Orthodox synagogue in Riga, Latvia

The Peitav Synagogue (Peitavas ielas sinagoga) or Peitav-Shul (פאייטאוו שול) is an Orthodox Jewish congregation and synagogue, located at 6/8 Pietavas Street, Vecrīga, in Riga, Latvia.

Designed by Wilhelm Neumann in the Art Nouveau and Egyptian Revival styles, the synagogue was completed in 1905. It was devastated by Nazis and was partially destroyed on 4 July 1941. Used for profane purposes During World War II and damaged by bombings in 1995 and 1998, the synagogue was restored and reopened in 2009. It is a center of the Latvian Jewish community and recognized by the Latvian government as an architectural monument of national significance.

== History ==
The synagogue was built 1903-1905, designed by architect Wilhelm Neumann in an Art Nouveau style with Egyptian Revival elements.

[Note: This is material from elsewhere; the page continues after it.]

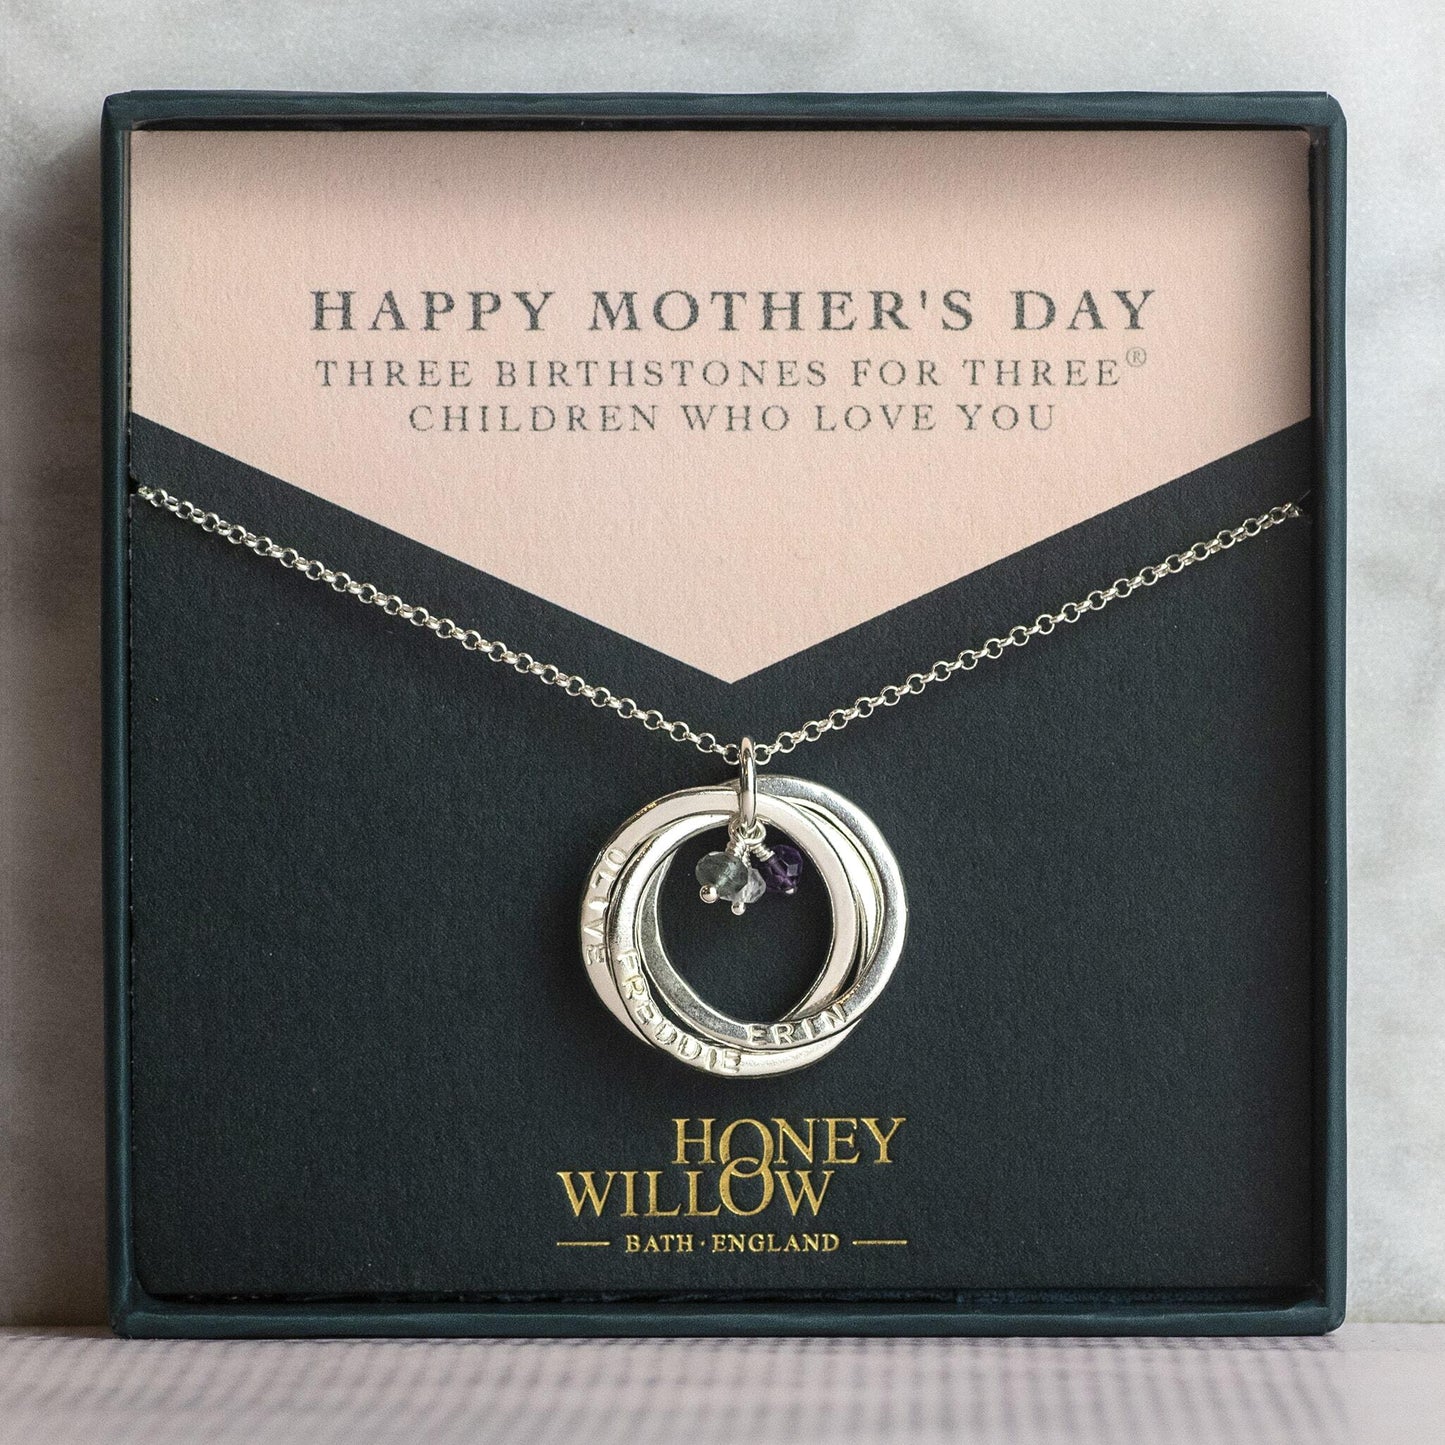 Mother's Day Gift - 3 Birthstones for 3® Children - Personalised Silver 3 Link Necklace - Large

When Riga's synagogues were burned in 1941 by the Nazis and their Latvian collaborators, the Peitav Synagogue was the only one to survive because of its location in the Old Town, adjacent to other buildings. Subsequently, during World War II, the synagogue was used as a warehouse.

Under Soviet rule, the synagogue was one of the relatively few allowed to remain open in the Soviet Union. After Latvian independence was restored in 1991, the synagogue was damaged by bombings in 1995 and 1998.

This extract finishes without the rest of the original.